There's a trick you can do with grep to check for a user in the password file:
if grep -q "^${username}:" /etc/passwd
then
...
The ^ makes it look at the beginning of the line, so it looks for ${username}: at the beginning of any line in /etc/passwd. The -q tells it not to print anything, just return true or false as usual.
while [ $(who | grep $username) != 0 ]
This is a useless use of backticks (since the $(stuff) syntax is a special form of backticks). You don't check a return value in that fashion, either -- what that statement would actually end up doing is checking the string output of who | grep $username.
How you check a return value is like:
# there really are 'true' and 'false' programs, so go ahead and
# try these statements
if true
then
echo "true returns true"
fi
if ! false
then
echo "false returns false"
fi
So how about:
while who | grep -q "${username}"
do
...
exit 1
1 means error, by returning 1 you're telling whatever ran it that your program failed. Use 'exit 0' to show that your program ran successfully.
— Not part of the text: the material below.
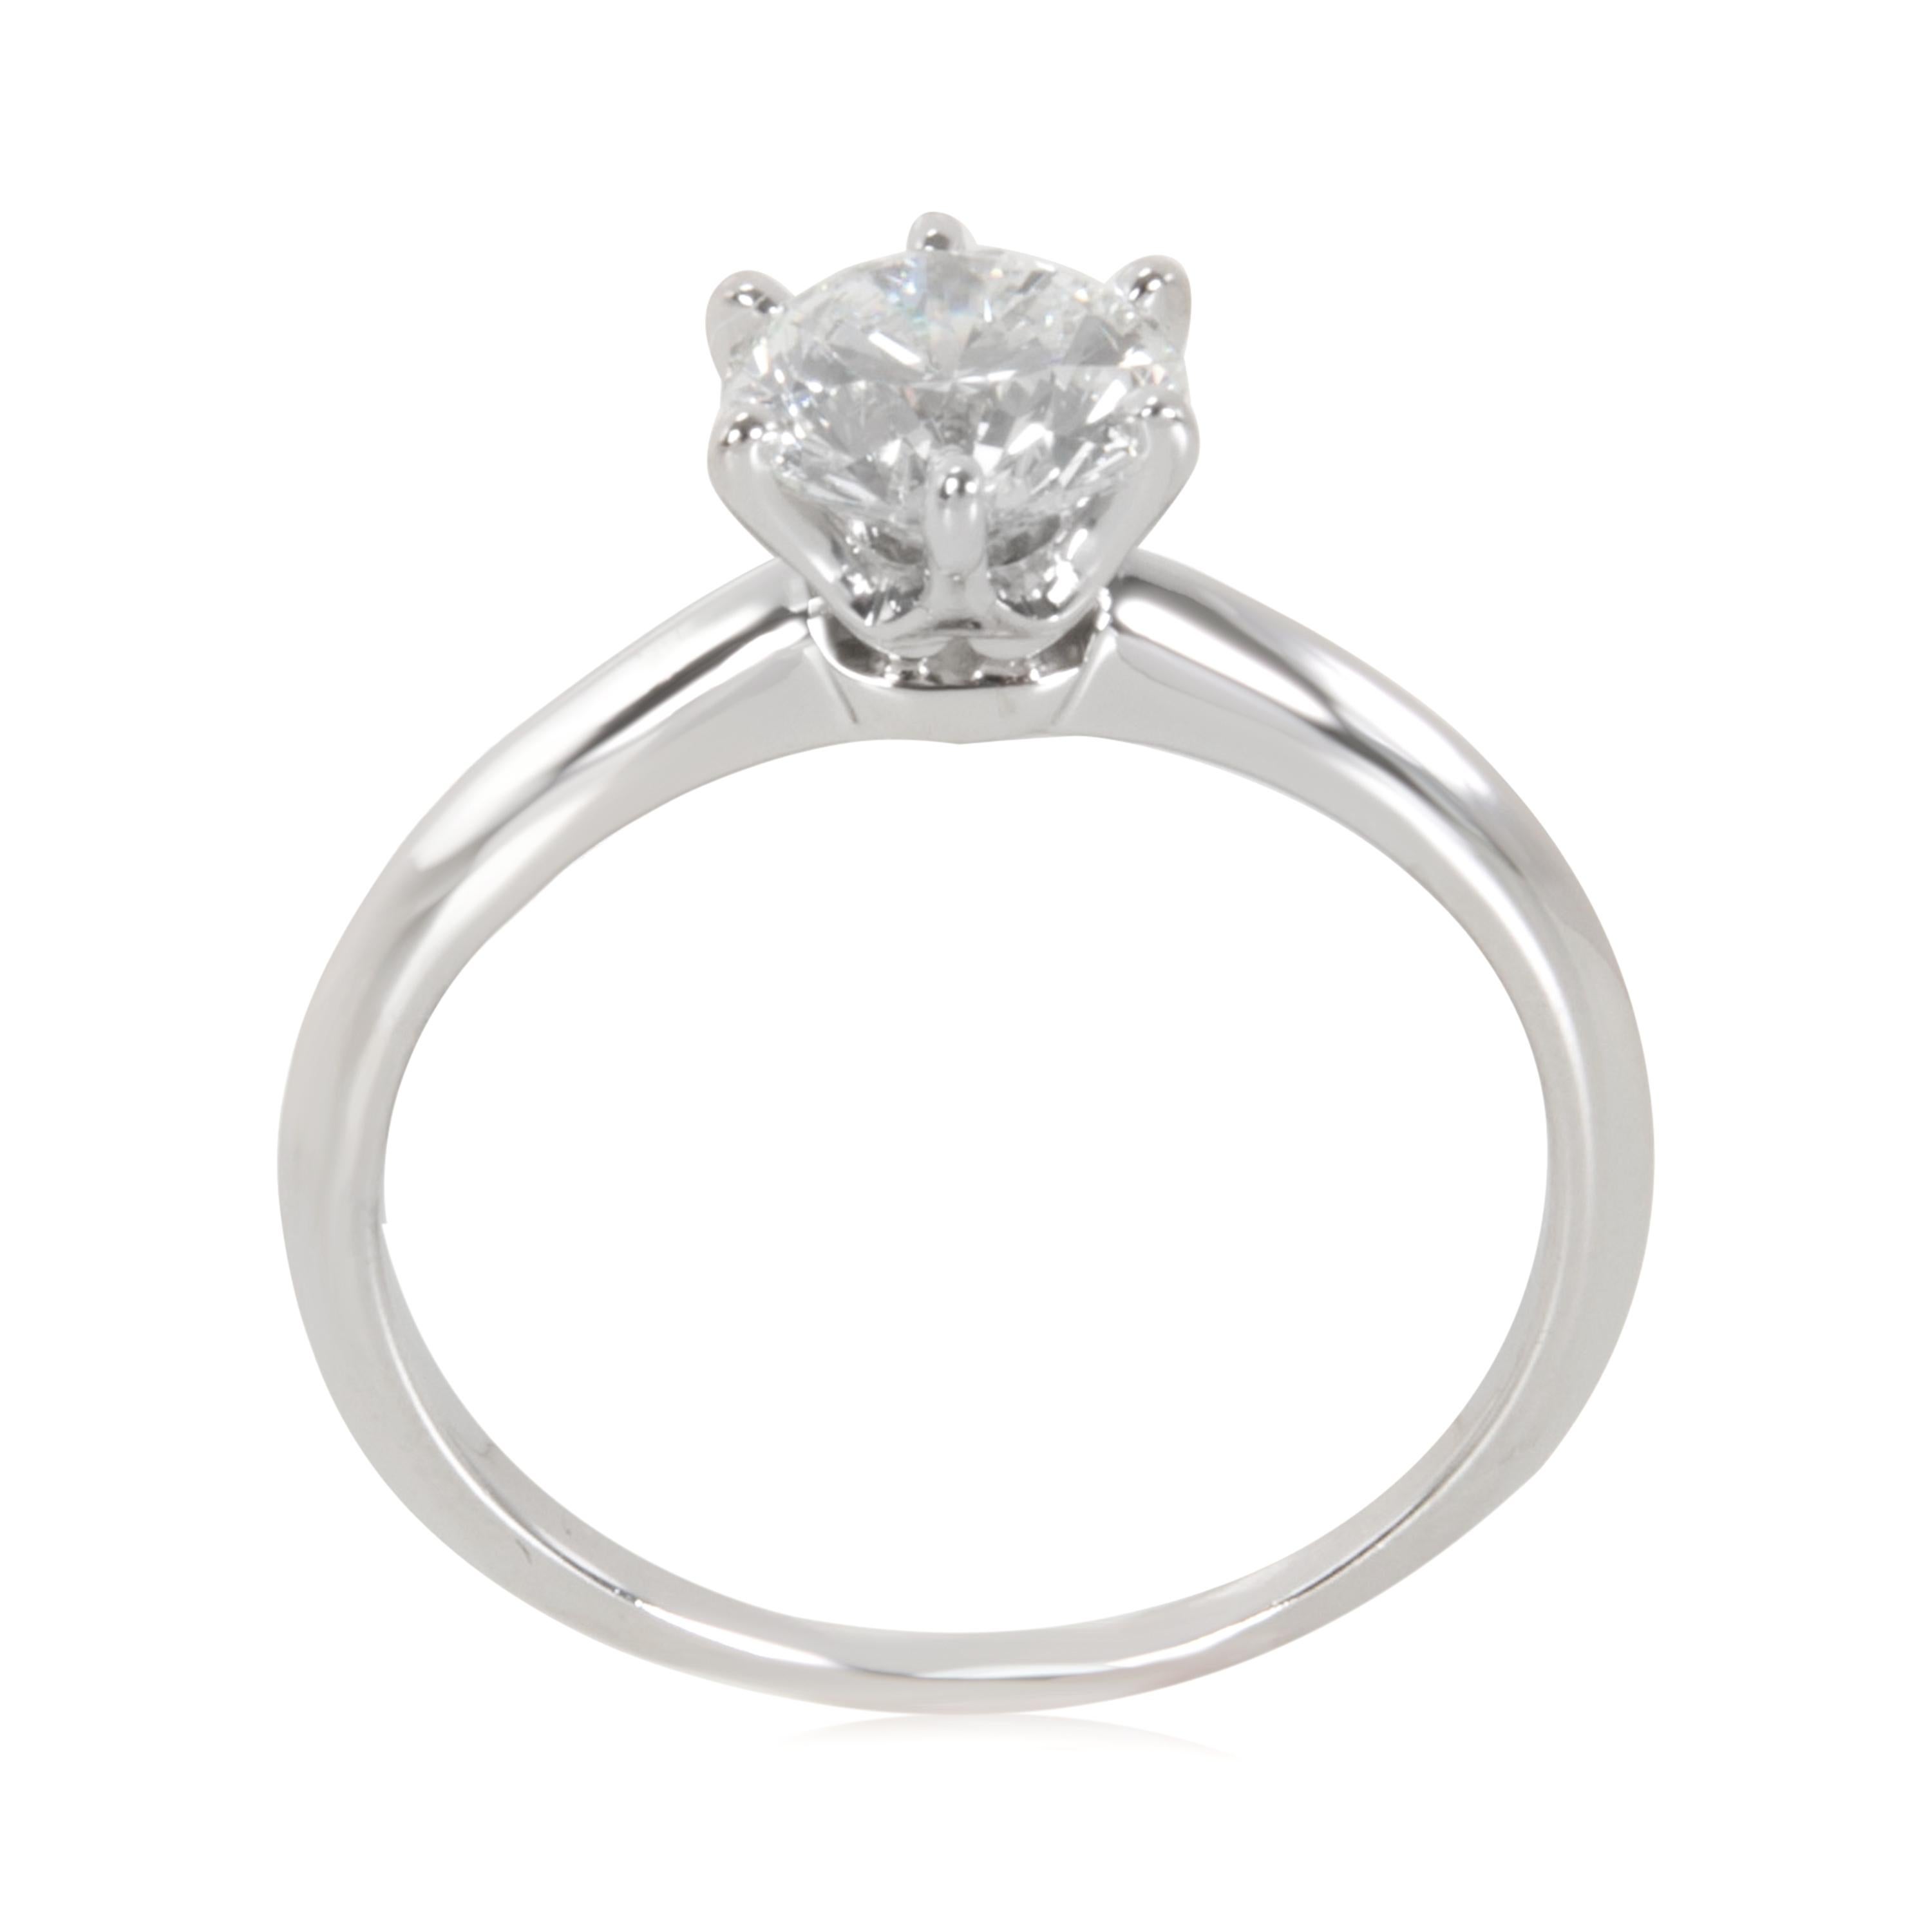 Round Cut Tiffany & Co. Diamond Solitaire Engagement Ring in Platinum F/VS2 '1.27 Carat'

Validate your input not blank, is in /etc/passwd, first, before proceeding, if bad then display, exit -- done, no deep nesting, all parts of the function point close together. A cat is not necessary to get files to stdin, < does that cheaper. One user name might be a substring of another, so the grep of who should be more qualified. date can produce the entire message using a "+%Y-%m-%d %H:%M:%S $username" sort of argument, and have a nicer format. $(xxx) is not for diplaying variables, that is ${xxx}, $(xxx) turns a command or script stdout into a string on the command line, just the opposite of echo, which turns a string on the command line into a stream on stdout. The error message does not describe the error, unnown user name.